Written by
Zach Kelling
At
Thu Aug 01 2019
Original Lattice Cryptography: Our FHE From Scratch
Building original lattice-based FHE in Go — not Zama's tfhe-rs, not Microsoft SEAL. NTT SIMD optimization, encrypted database storage via ZapDB, C FFI + Rust bindings.
Original Lattice Cryptography: Our FHE From Scratch
Microsoft has SEAL. Zama has tfhe-rs. IBM has HElib. We didn't use any of them. We built our own fully homomorphic encryption library from lattice primitives in Go, with C FFI bindings and a Rust interface.
This sounds like NIH syndrome. It wasn't.
Why Roll Your Own FHE
Fully homomorphic encryption lets you compute on encrypted data without decrypting it. The server never sees plaintext. The operations happen on ciphertexts, and the results, when decrypted, are correct. This is the holy grail of encrypted computation.
The existing libraries solve this problem in specific ways, for specific use cases, with specific performance tradeoffs. SEAL is optimized for Microsoft's cloud computing model. tfhe-rs is optimized for boolean circuit evaluation. HElib targets batch arithmetic.
None of them were designed for what we needed: encrypted database operations on a blockchain. We needed homomorphic operations that worked within the constraints of on-chain storage, gas costs, and the specific query patterns of a blockchain state database.
The Implementation
The foundation is RLWE (Ring Learning With Errors) over polynomial rings. The ring structure gives us the algebraic properties needed for homomorphic operations, and the error terms provide the security guarantee.

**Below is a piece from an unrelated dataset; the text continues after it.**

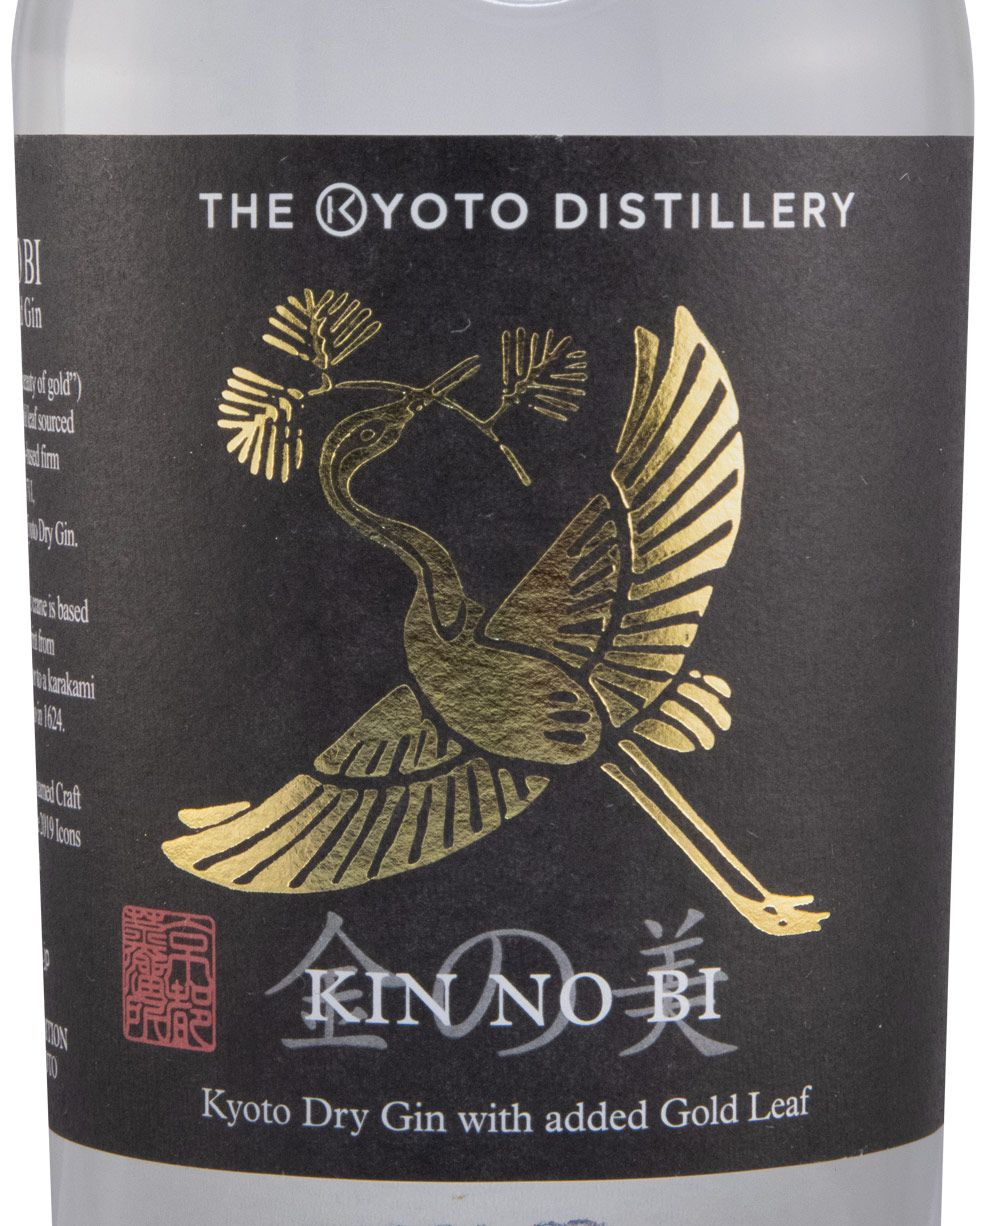 Gin Kin No Bi Kyoto Gold Leaf
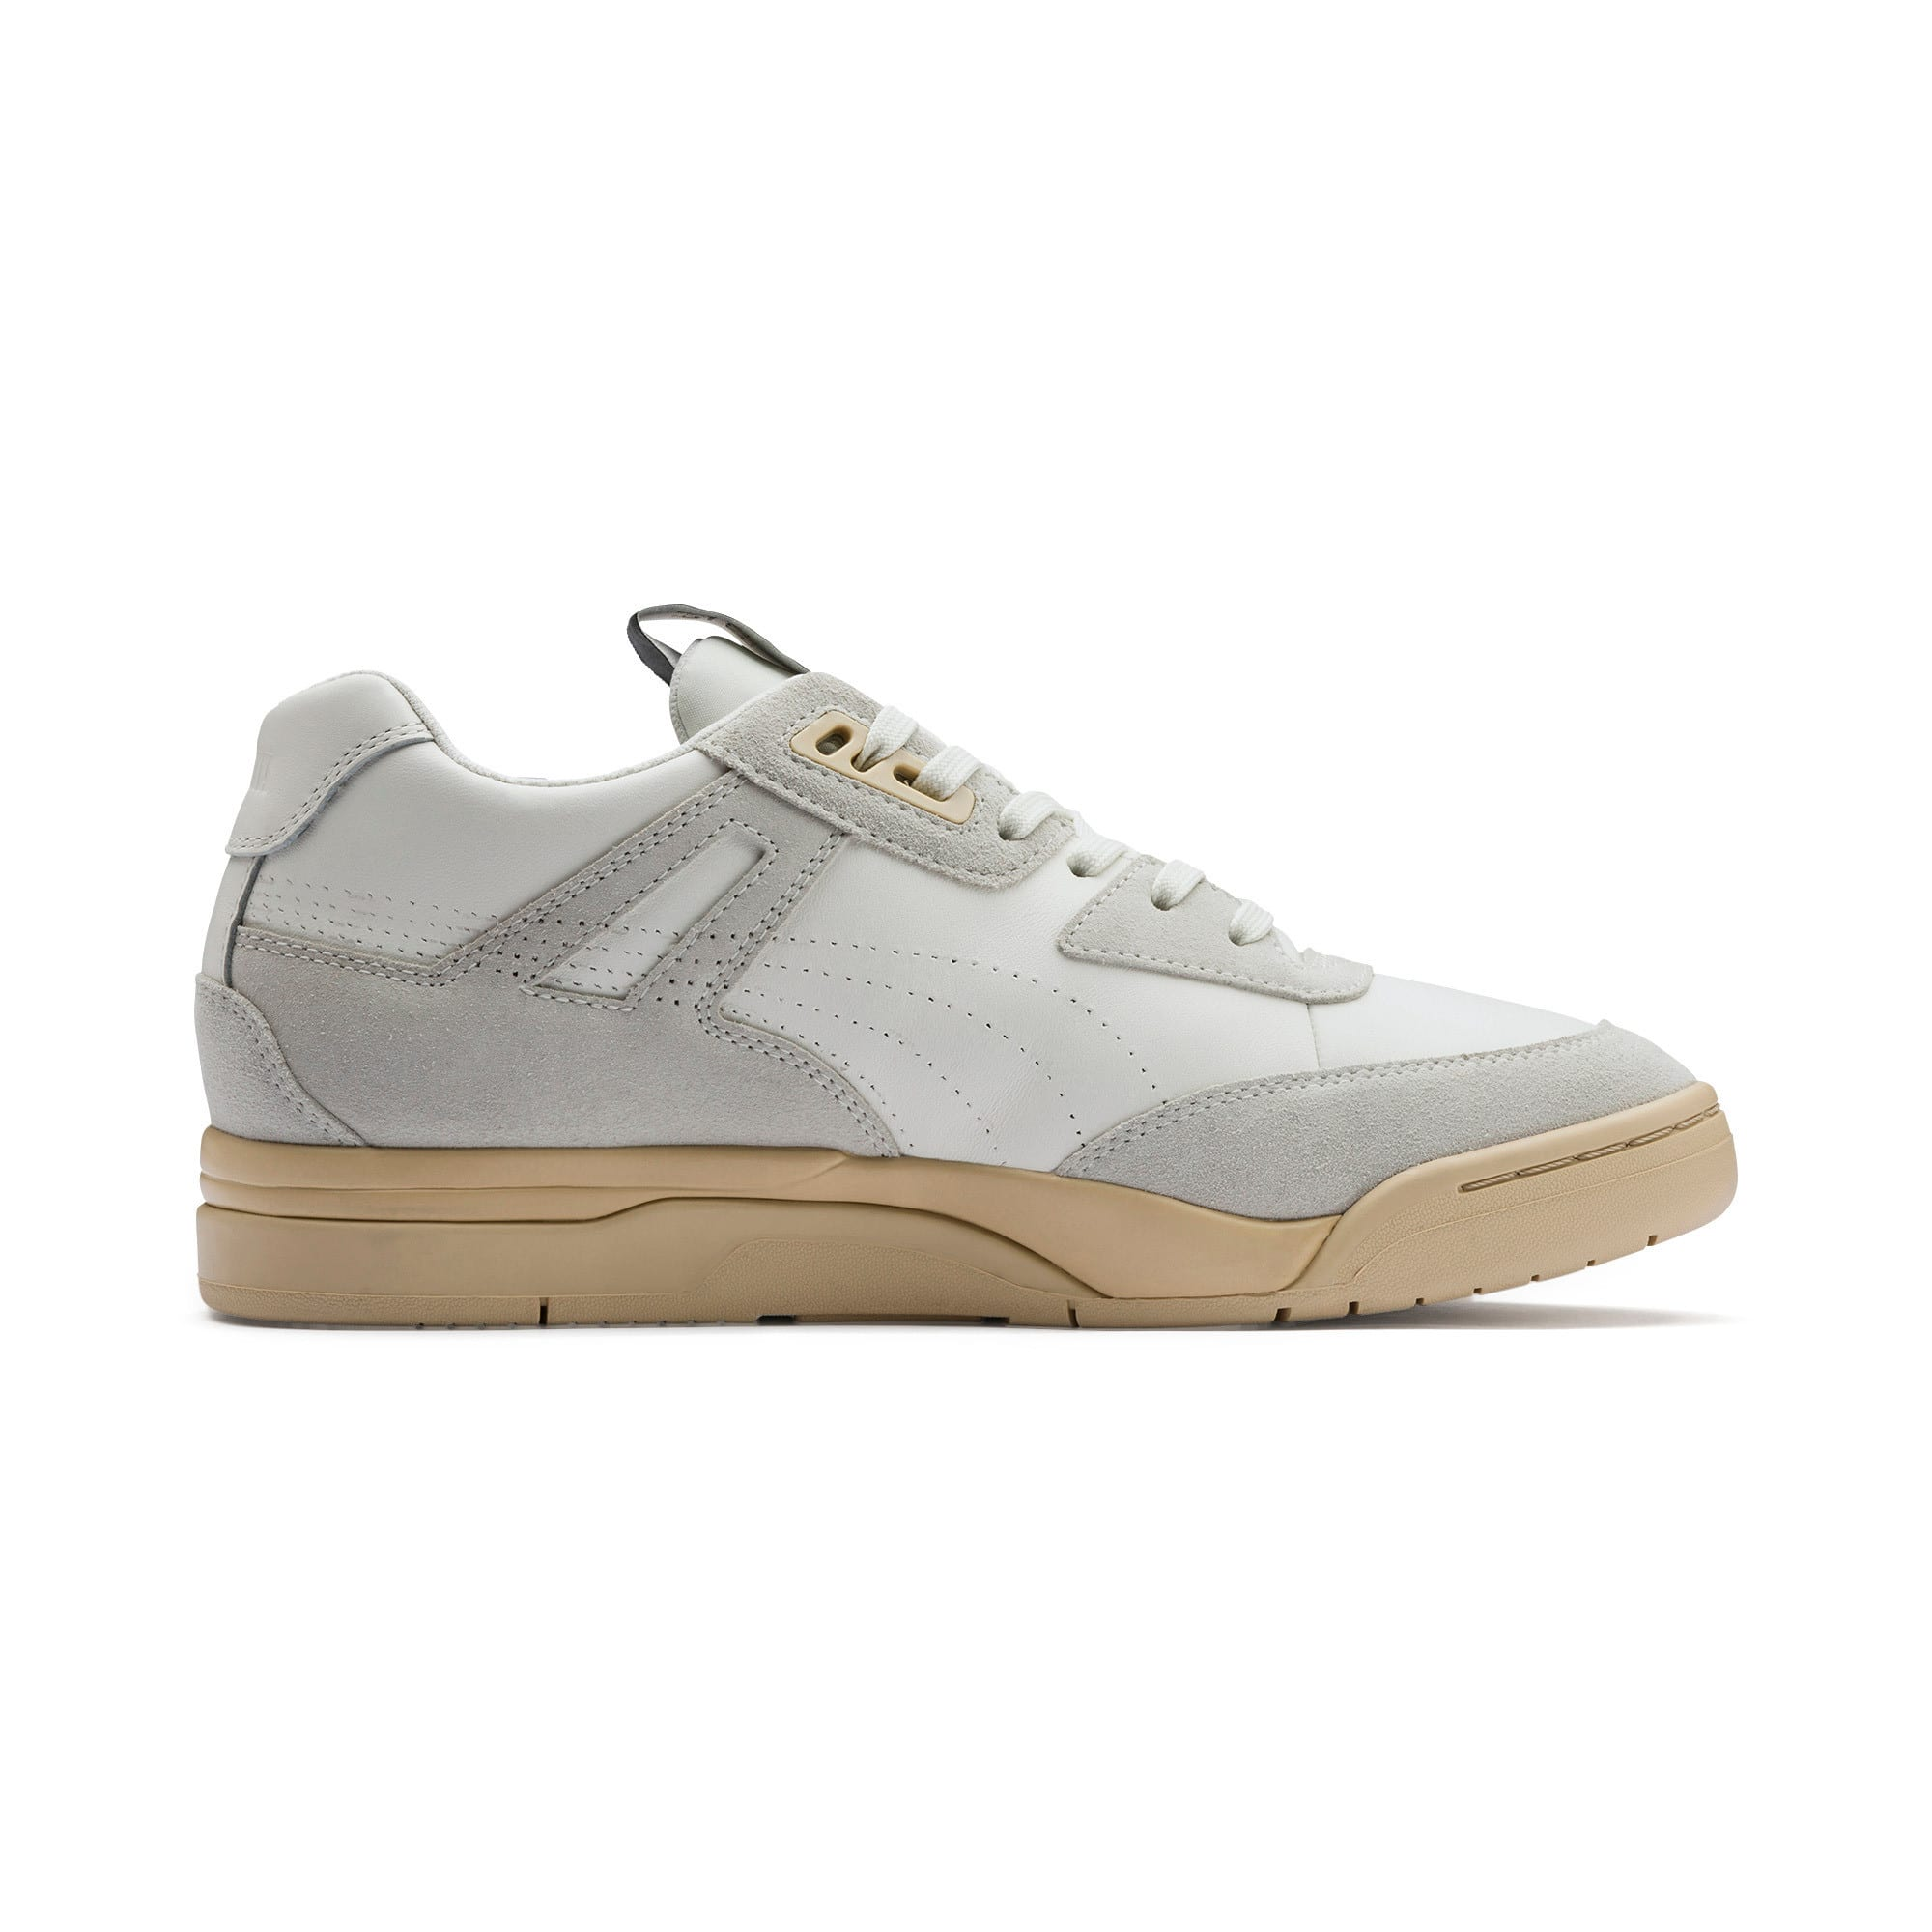 Thumbnail 5 of PUMA x RHUDE Palace Guard Sneakers, Star White-WINDCHIME, medium

Polynomial arithmetic: NTT (Number Theoretic Transform) for fast polynomial multiplication. This is the equivalent of FFT for finite fields. Multiplying two degree-N polynomials naively is O(N^2). NTT brings it to O(N log N). For our parameters (N = 4096 or 8192), this is the difference between usable and unusable.
SIMD optimization: The polynomial coefficients map to SIMD lanes. A single ciphertext can encode thousands of plaintext values in parallel slots. Homomorphic operations on the ciphertext operate on all slots simultaneously. This is not GPU parallelism — it's data parallelism baked into the algebraic structure of the scheme.
Bootstrapping: The fundamental challenge of FHE. Every homomorphic operation adds noise to the ciphertext. After enough operations, the noise overwhelms the signal and decryption fails. Bootstrapping refreshes the ciphertext by homomorphically evaluating the decryption function — encrypting the decryption. Our bootstrapping implementation targets the minimum circuit depth needed for database operations, not general-purpose computation.
ZapDB: Encrypted Database Storage
ZapDB is the application layer on top of the FHE library. It's an encrypted key-value store where:
- Values are stored as FHE ciphertexts
- Queries execute on encrypted data
- The database server never sees plaintext values
- Results are returned as ciphertexts that only the key holder can decrypt
For a blockchain database, this means node operators can store and query state without ever seeing the actual state values. Privacy is not a policy — it's a mathematical guarantee.
The query model is limited compared to a general-purpose database. You can do equality checks, range queries, and arithmetic aggregations. You cannot do arbitrary SQL. This is a fundamental limitation of the FHE scheme's supported operations, not a missing feature.
C FFI + Rust Bindings
The core library is Go. The performance-critical inner loops — NTT, polynomial reduction, noise sampling — have C implementations that Go calls via CGO. The C code is where the SIMD intrinsics live.
The Rust bindings wrap the C interface with safe Rust types. This gives us the Go library for Lux node integration, the C library for raw performance, and the Rust bindings for everything else in our stack that's written in Rust.
// Go interface
ct := fhe.Encrypt(pk, plaintext)
result := fhe.Add(ct1, ct2)
decrypted := fhe.Decrypt(sk, result)
// decrypted == plaintext1 + plaintext2Why Building Your Own Matters
When you use someone else's FHE library, you trust their parameter selection, their noise budget management, their RNG, their side-channel mitigations. For an application where the encrypted data is financial state on a public blockchain — visible to every node operator in the world — the attack surface is not theoretical.
Building from scratch means understanding every parameter choice. We know why N is 4096 and not 2048 (security margin). We know why the coefficient modulus is structured as a chain of primes (RNS representation for efficient modular arithmetic). We know where the noise budget goes and how many operations we can chain before bootstrapping.
This understanding is not available from a library's documentation. It comes from implementing the field arithmetic, debugging the bootstrapping circuit, and measuring the noise growth empirically. The code is the understanding.
zeekay — our own lattice crypto, our own FHE, our own encrypted database. every bit understood.